__TASK OBJECTIVE__
Apart from the images, the entire listing below must be restated word for word.

__THE DATA__
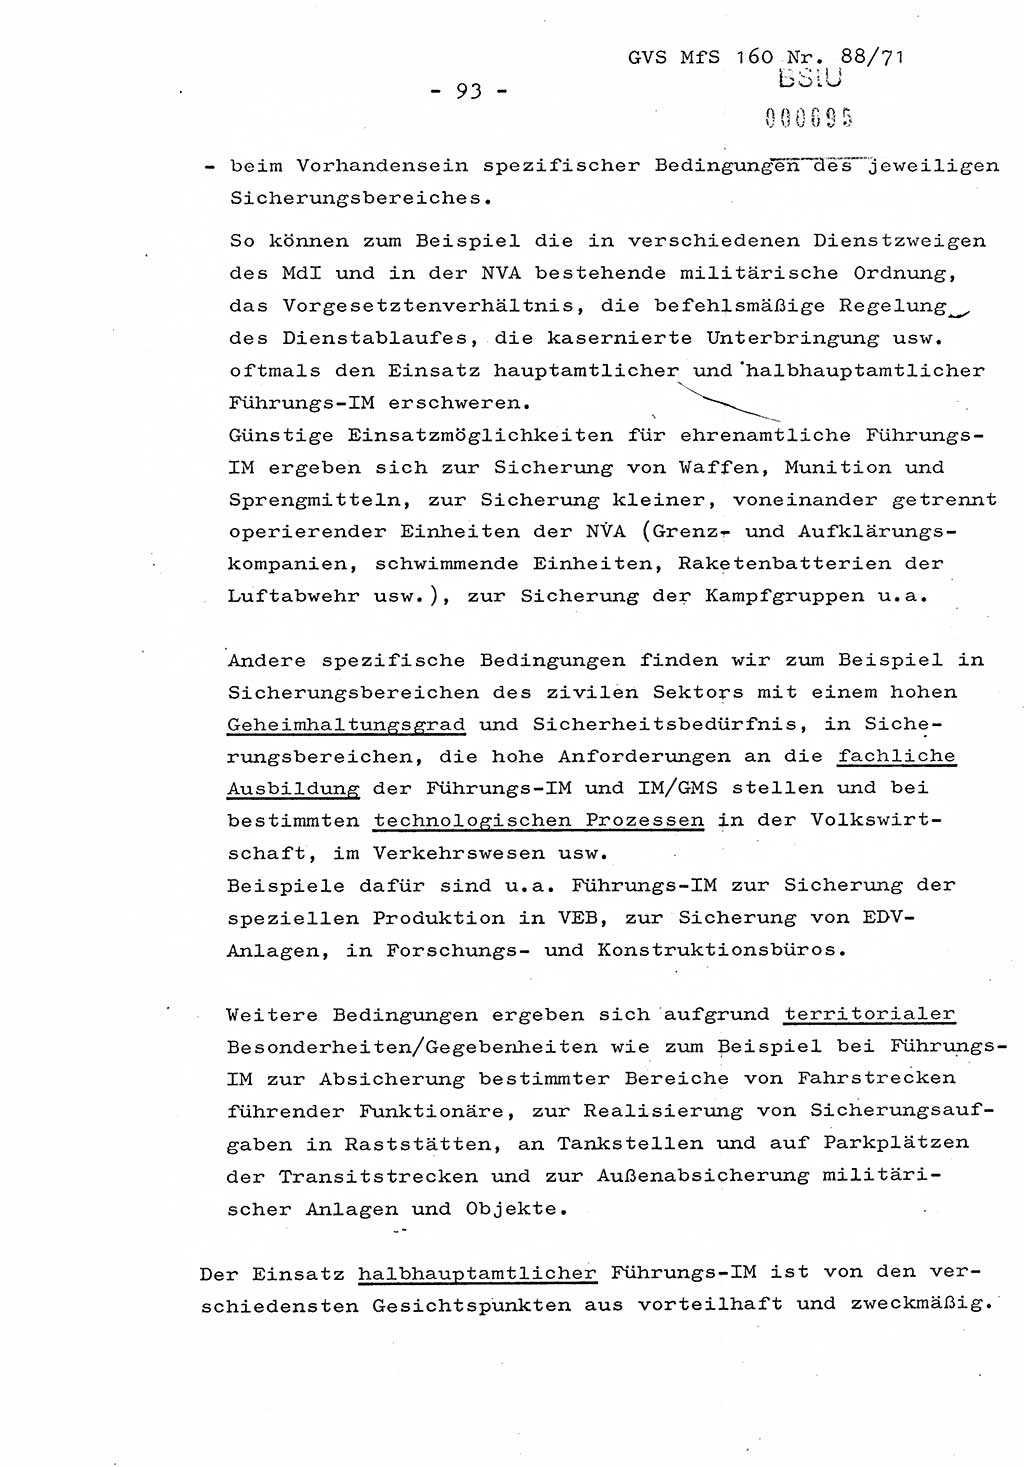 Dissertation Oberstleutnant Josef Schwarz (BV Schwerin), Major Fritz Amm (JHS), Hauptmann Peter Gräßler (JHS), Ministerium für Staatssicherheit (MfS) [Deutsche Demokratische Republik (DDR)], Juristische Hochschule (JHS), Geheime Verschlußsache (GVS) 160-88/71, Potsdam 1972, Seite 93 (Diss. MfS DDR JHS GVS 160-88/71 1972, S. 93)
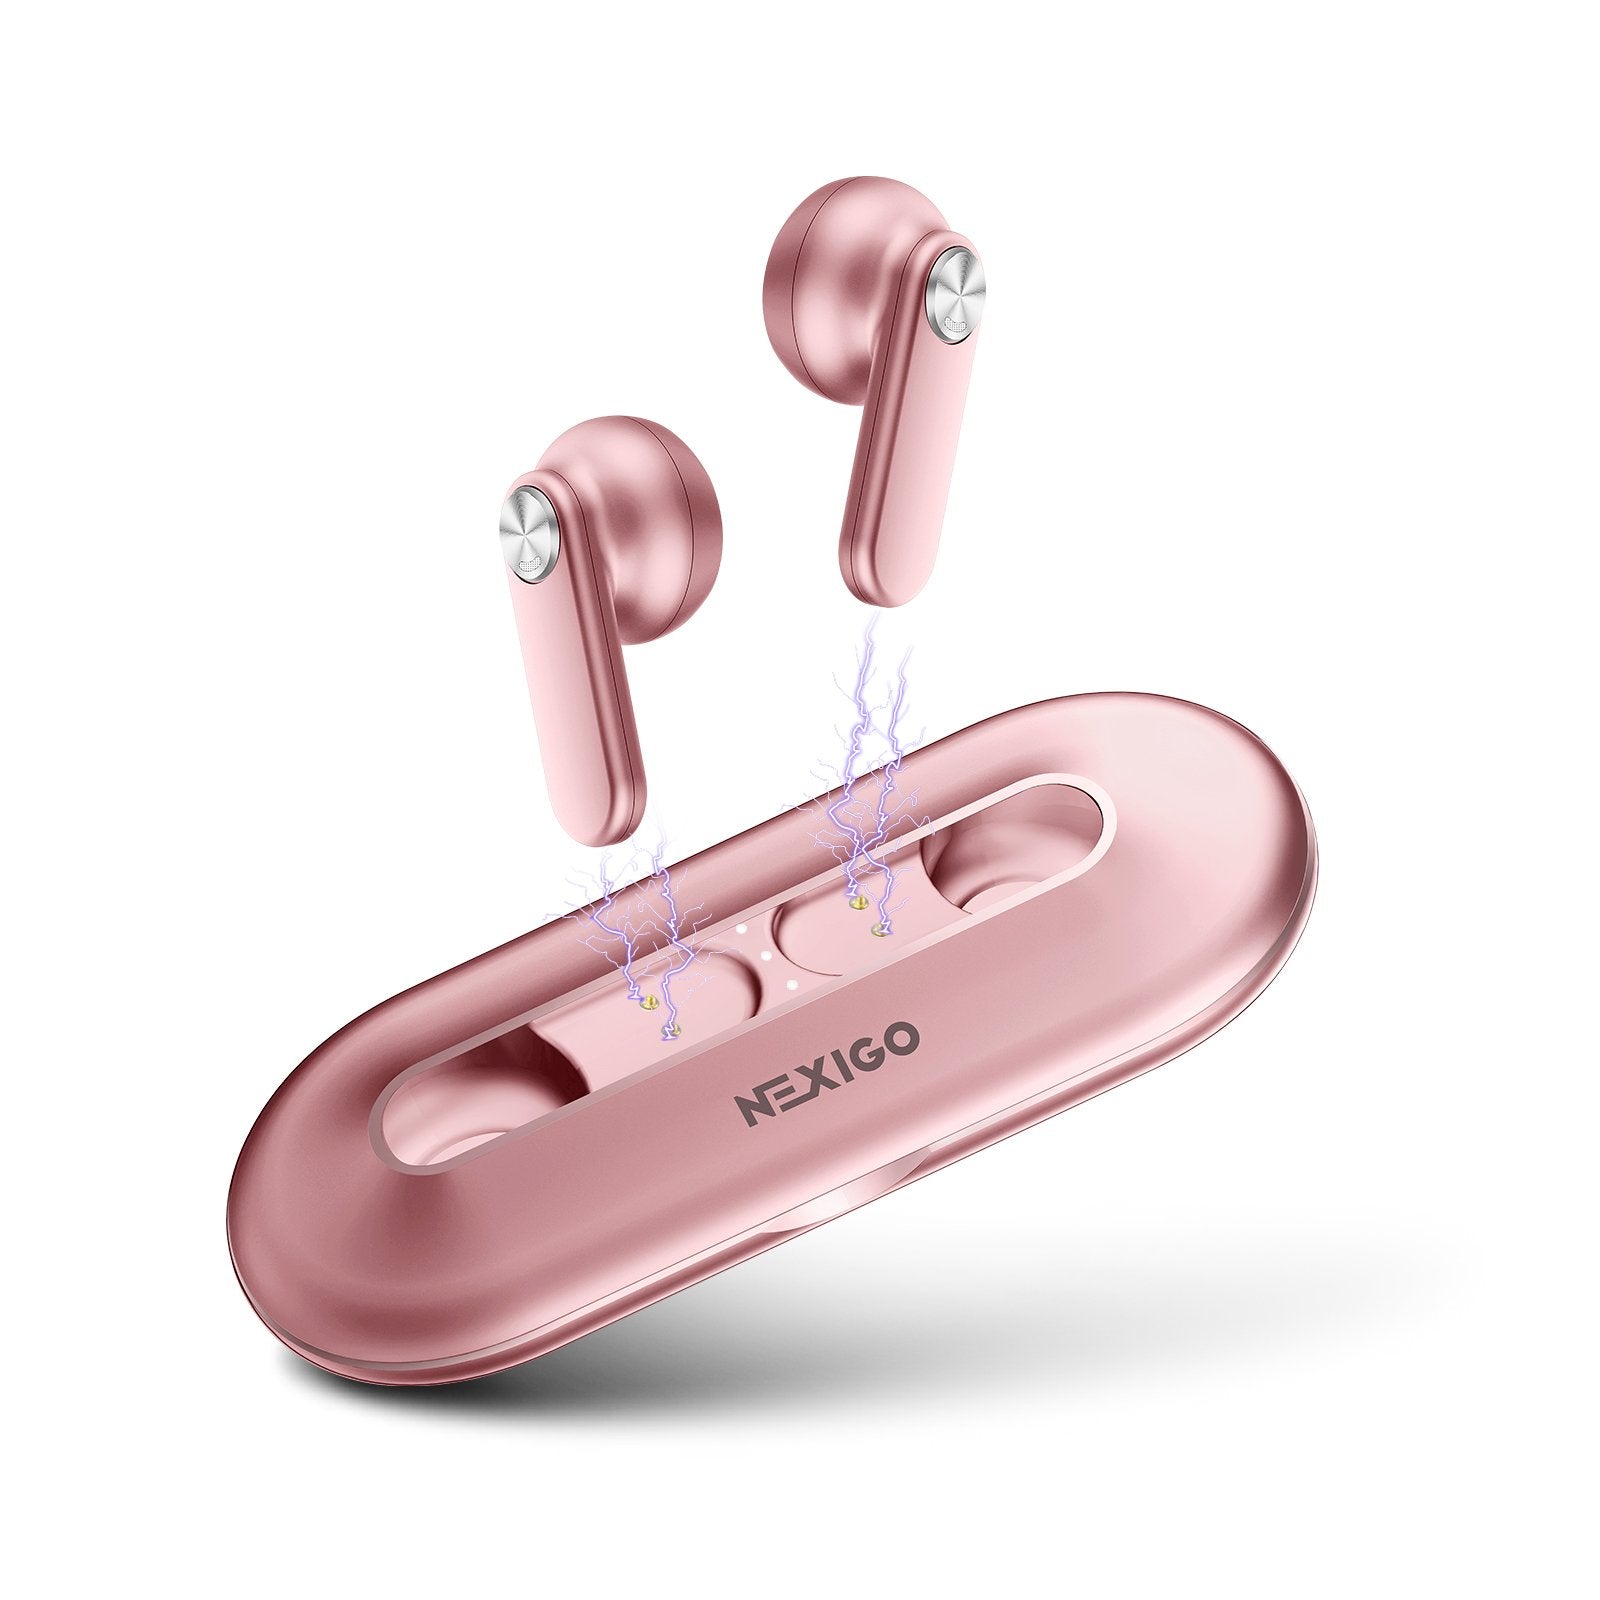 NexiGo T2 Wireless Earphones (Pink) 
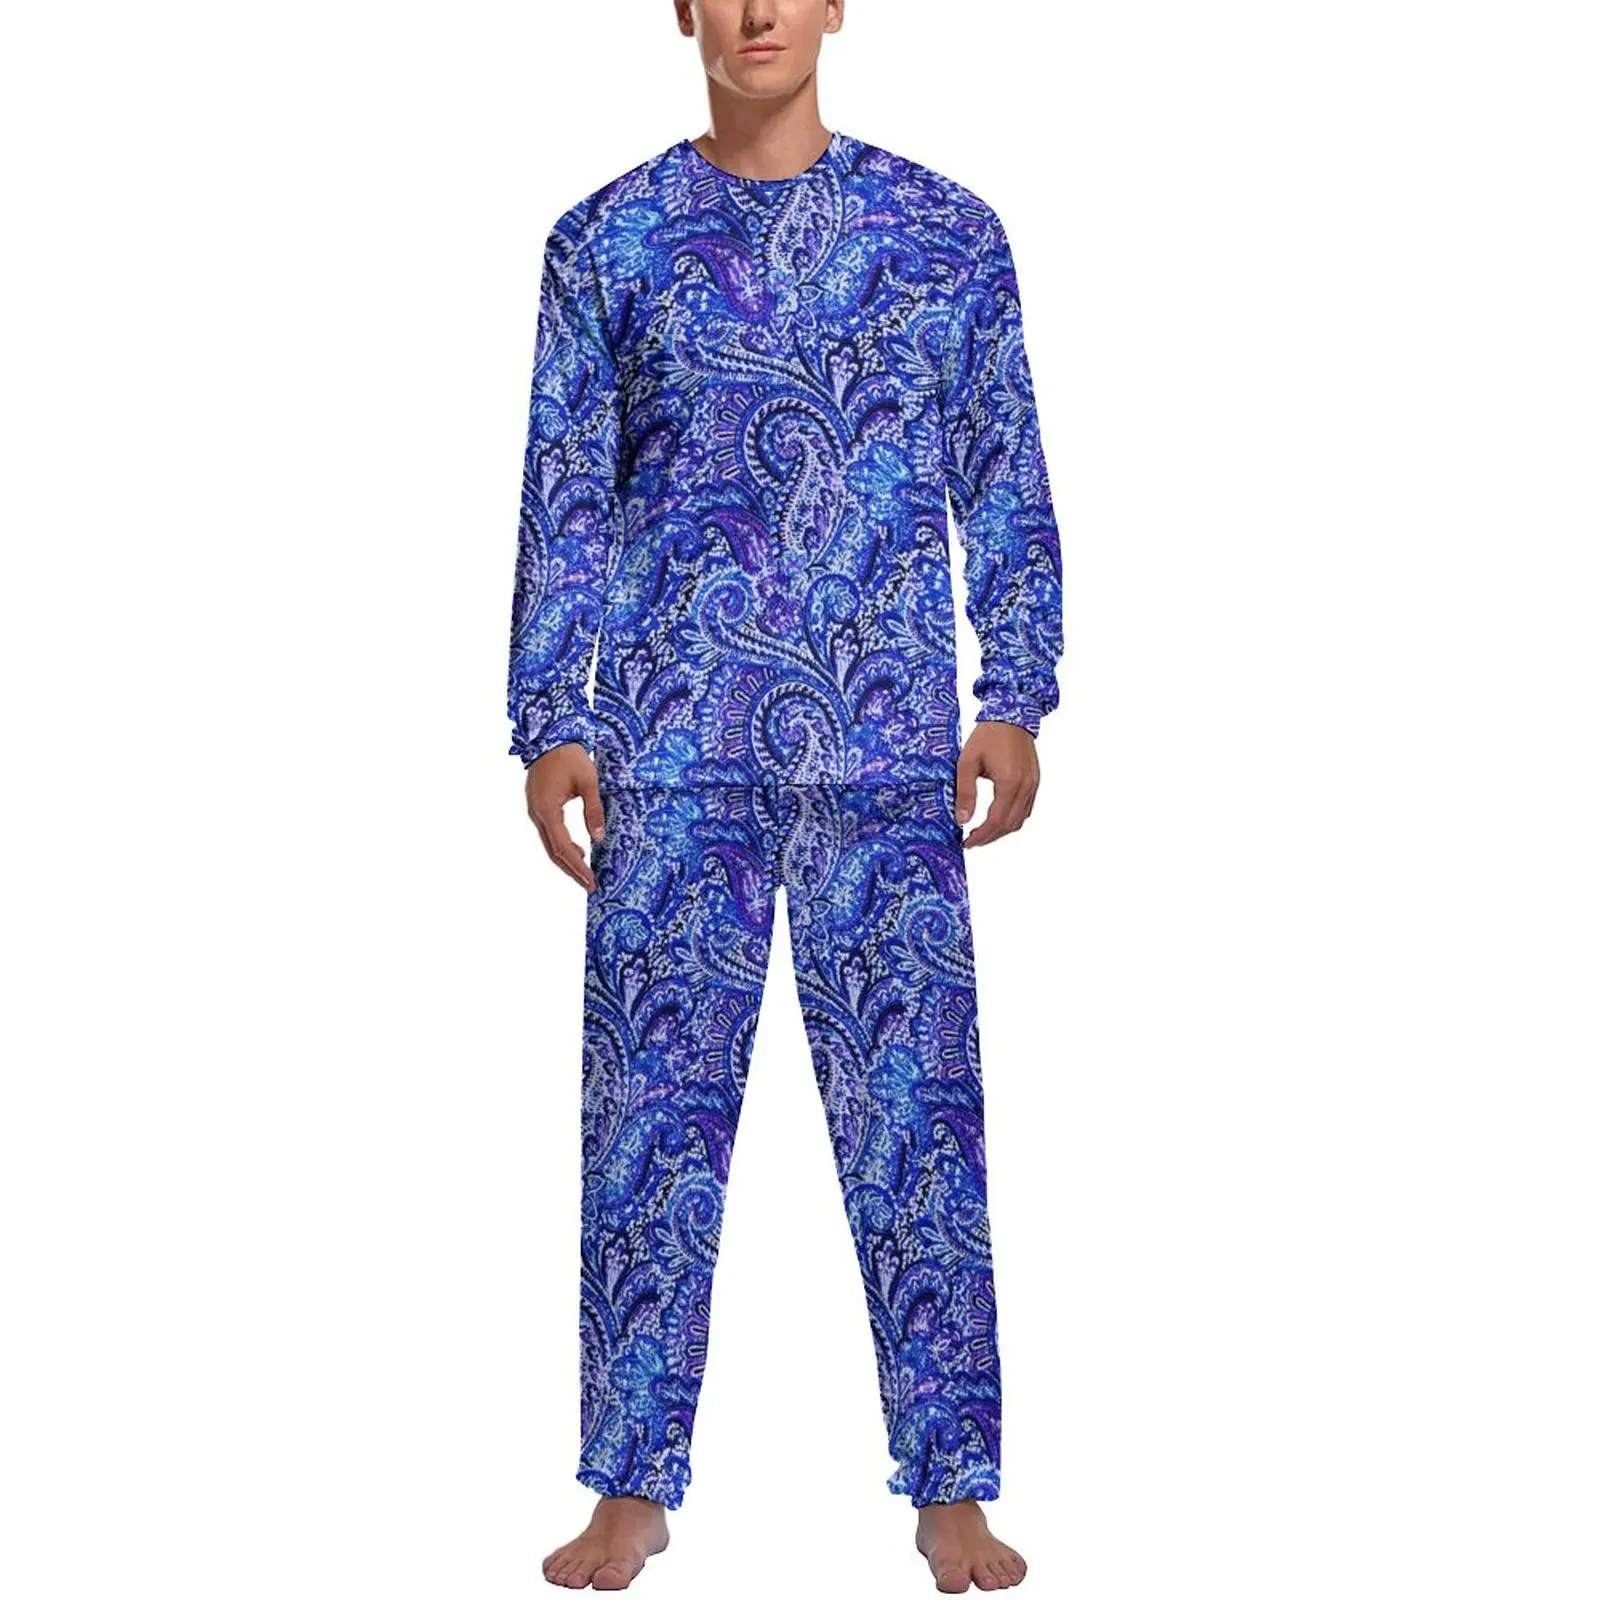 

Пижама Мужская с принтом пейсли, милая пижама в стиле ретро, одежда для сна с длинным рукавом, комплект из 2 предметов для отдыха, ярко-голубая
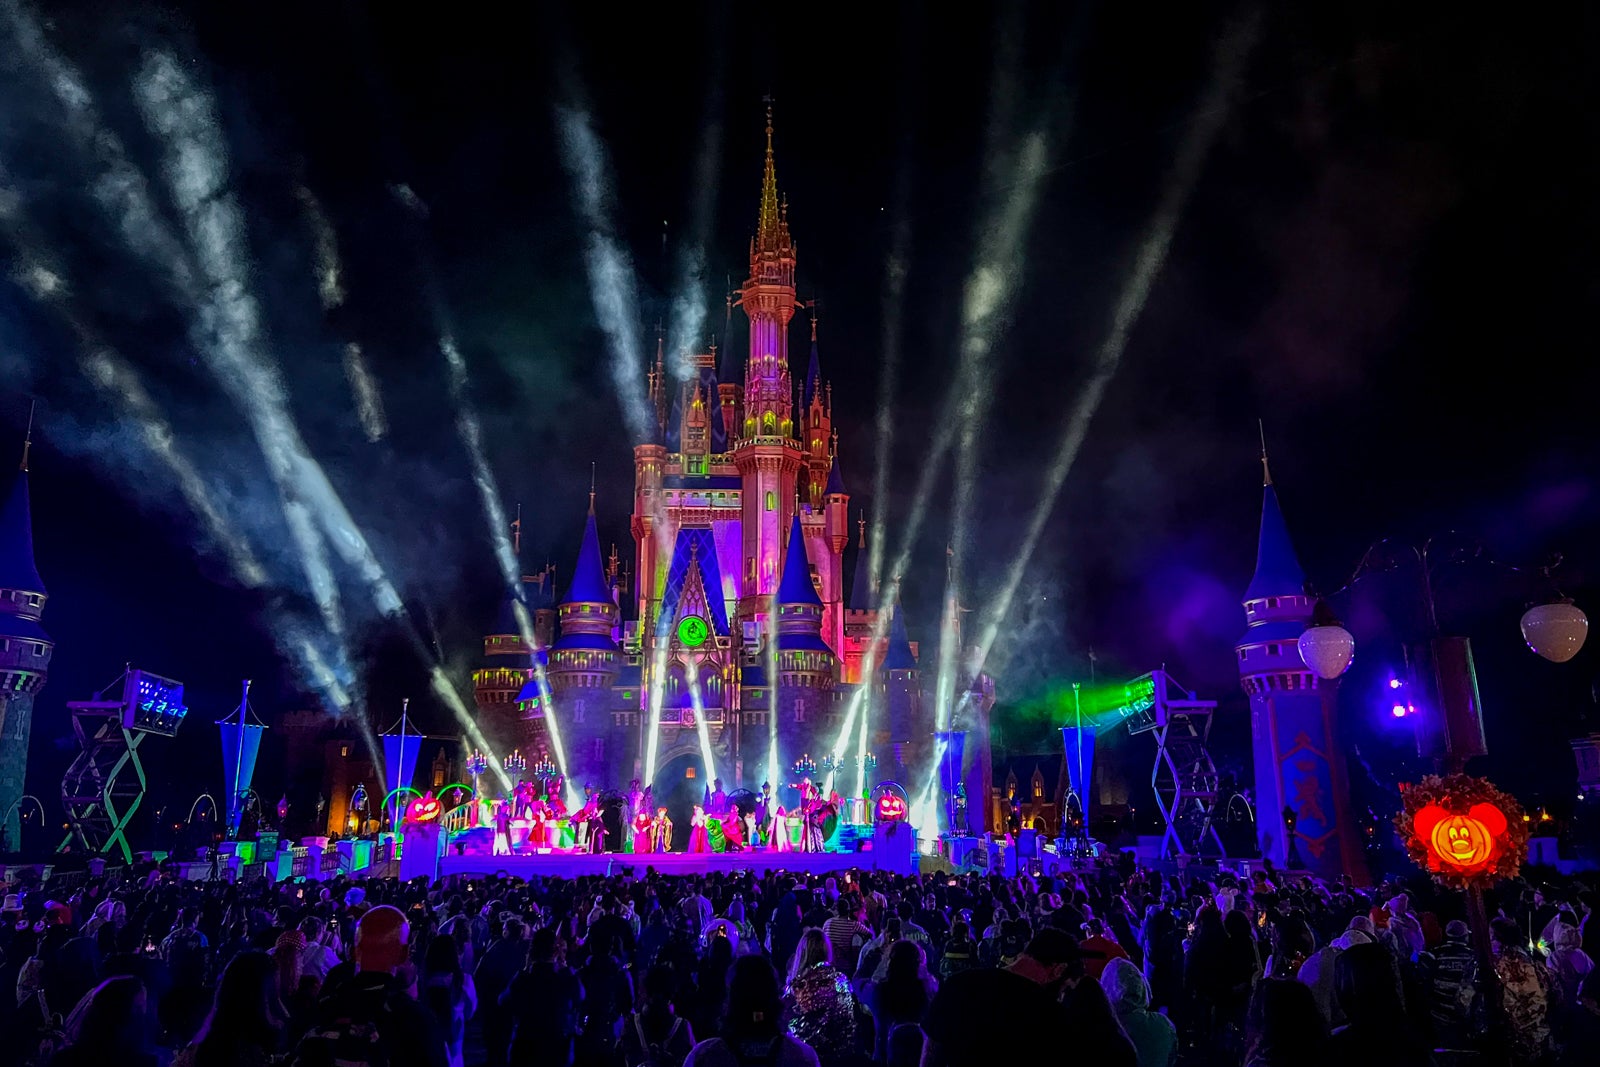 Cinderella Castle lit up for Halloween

__OUTPUT FOR THIS EXERCISE__
 Dissertation Oberstleutnant Josef Schwarz (BV Schwerin), Major Fritz Amm (JHS), Hauptmann Peter Gräßler (JHS), Ministerium für Staatssicherheit (MfS) [Deutsche Demokratische Republik (DDR)], Juristische Hochschule (JHS), Geheime Verschlußsache (GVS) 160-88/71, Potsdam 1972, Seite 93 (Diss. MfS DDR JHS GVS 160-88/71 1972, S. 93)
 NexiGo T2 Wireless Earphones (Pink) 

Пижама Мужская с принтом пейсли, милая пижама в стиле ретро, одежда для сна с длинным рукавом, комплект из 2 предметов для отдыха, ярко-голубая
 Cinderella Castle lit up for Halloween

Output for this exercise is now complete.